[What you need to do]: Within the entries below, output exactly the lines between the line containing "ポピュラー音楽の専門誌 ミュージック・ライフ 1962年2月号" and the line containing "Cullmann Malaga Maxima", inclusive, and omit any picture.
*** Information shown Section Begins ***
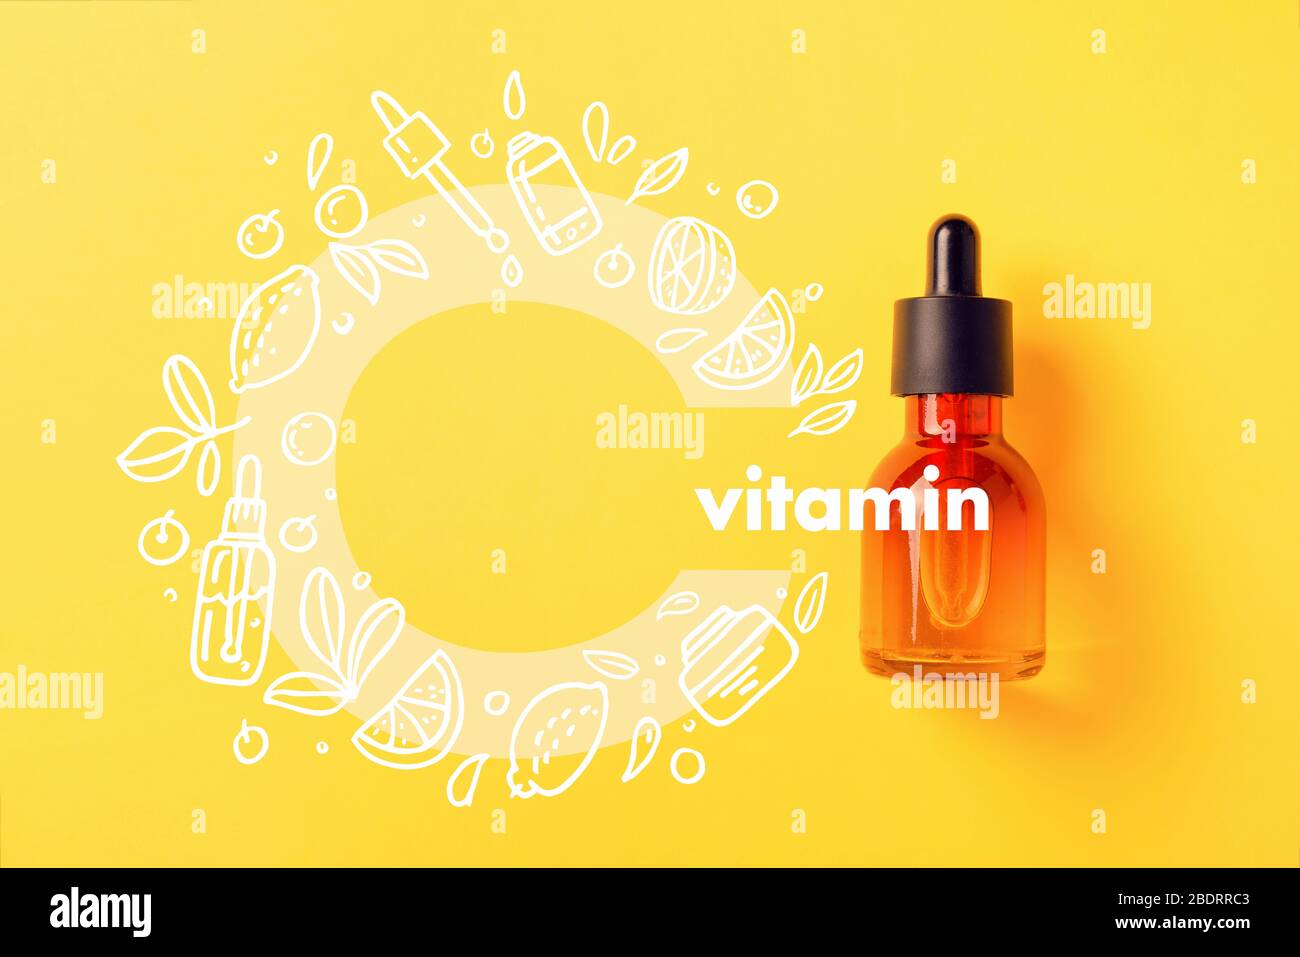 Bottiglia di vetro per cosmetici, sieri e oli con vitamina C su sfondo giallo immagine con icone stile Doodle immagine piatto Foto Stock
*** Information shown Section Ends ***
*** Information shown Section Begins ***
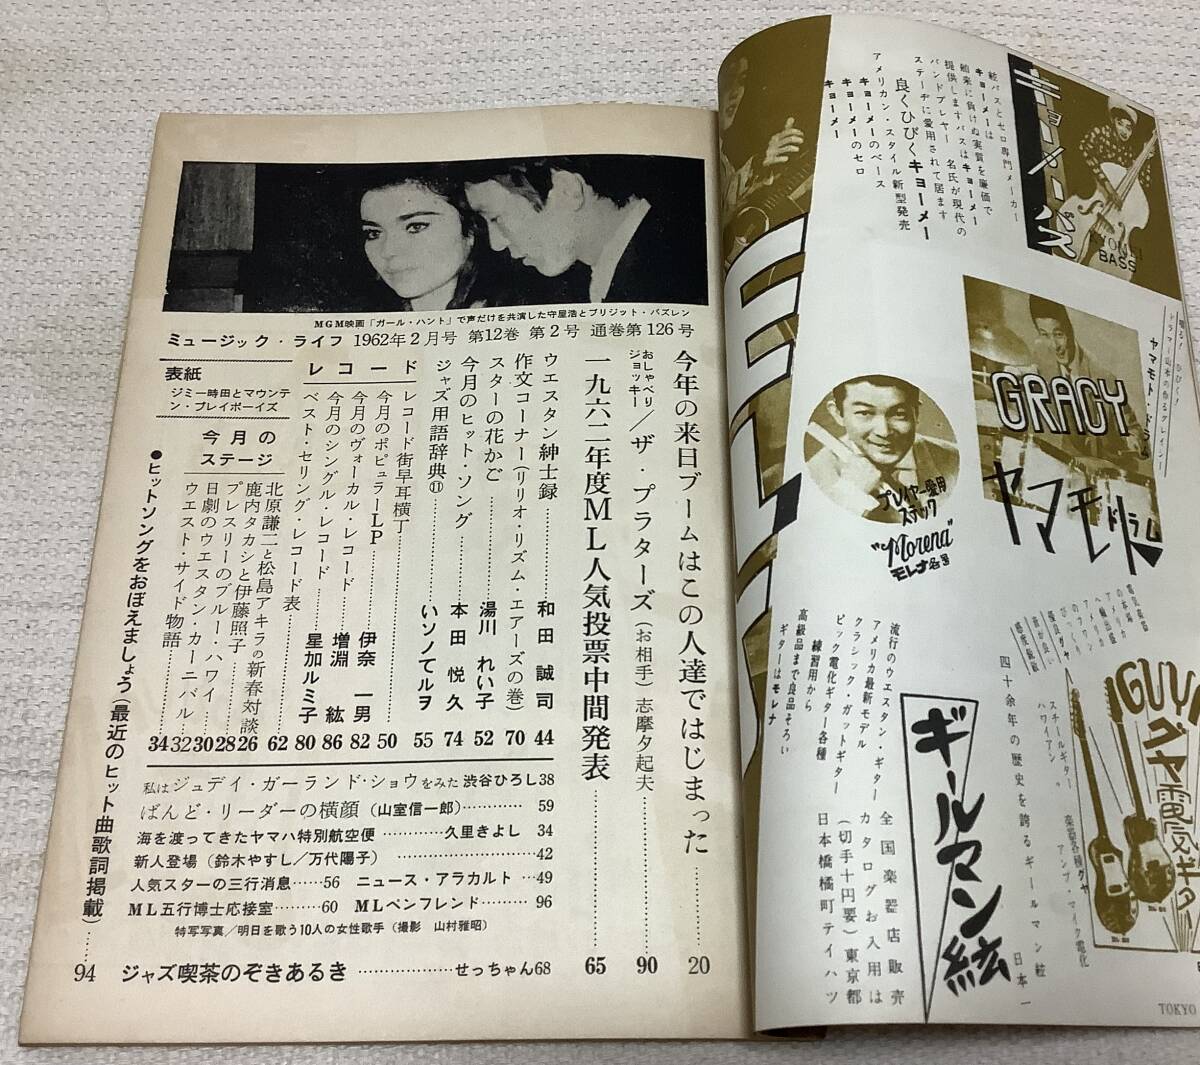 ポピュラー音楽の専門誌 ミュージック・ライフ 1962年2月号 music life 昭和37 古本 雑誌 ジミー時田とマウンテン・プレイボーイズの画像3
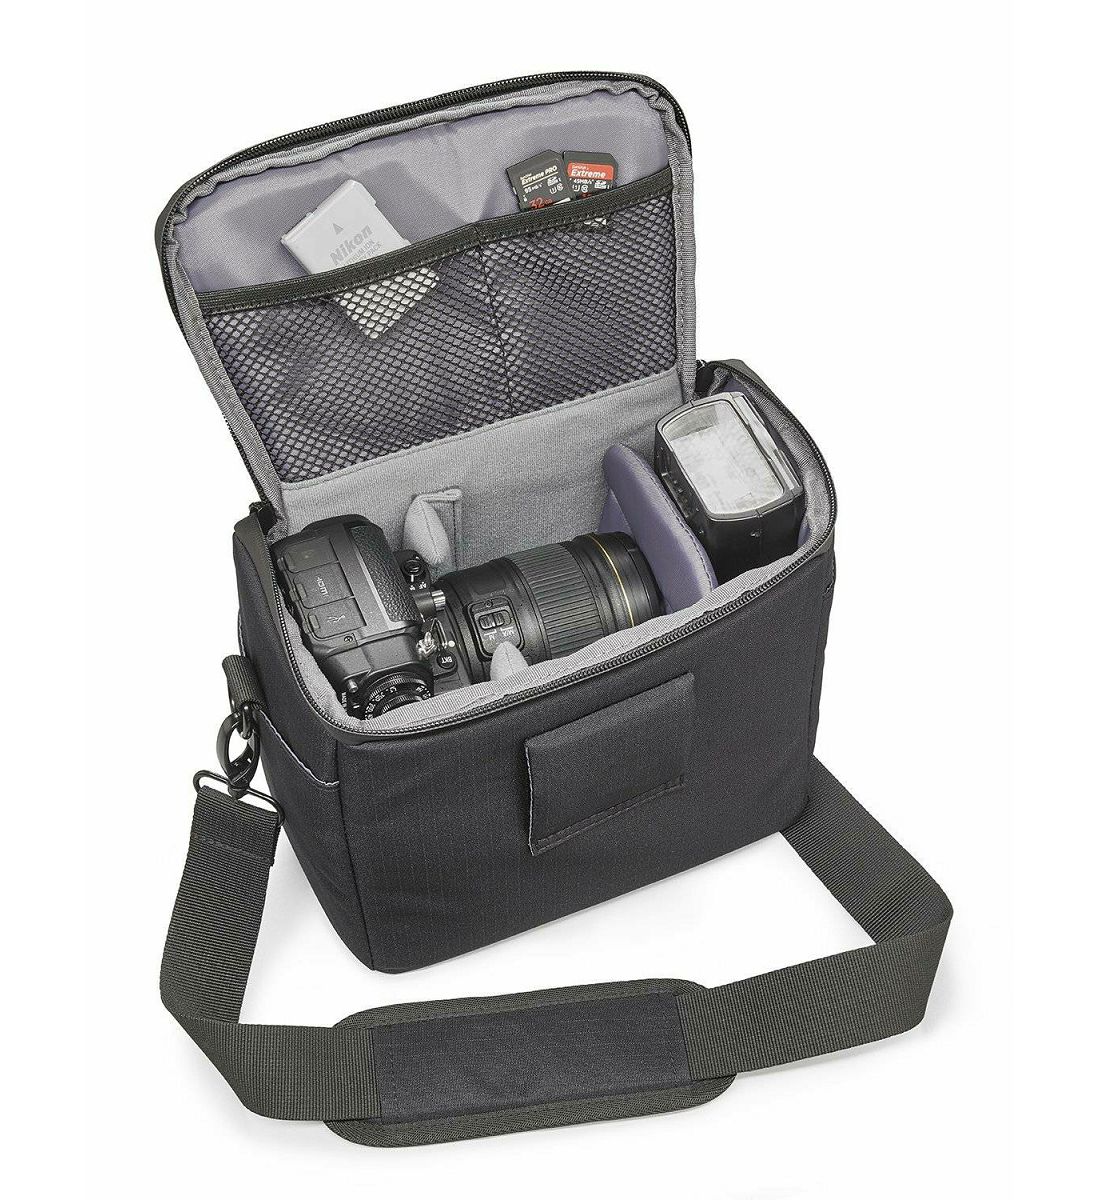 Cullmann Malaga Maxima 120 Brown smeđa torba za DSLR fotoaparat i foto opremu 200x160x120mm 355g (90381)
*** Information shown Section Ends ***
*** Information shown Section Begins ***
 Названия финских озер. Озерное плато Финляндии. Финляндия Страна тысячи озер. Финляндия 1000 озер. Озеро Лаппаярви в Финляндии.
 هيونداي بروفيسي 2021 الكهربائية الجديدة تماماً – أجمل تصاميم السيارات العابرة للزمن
*** Information shown Section Ends ***
[Task output]:
 ポピュラー音楽の専門誌 ミュージック・ライフ 1962年2月号 music life 昭和37 古本 雑誌 ジミー時田とマウンテン・プレイボーイズの画像3
 Cullmann Malaga Maxima 120 Brown smeđa torba za DSLR fotoaparat i foto opremu 200x160x120mm 355g (90381)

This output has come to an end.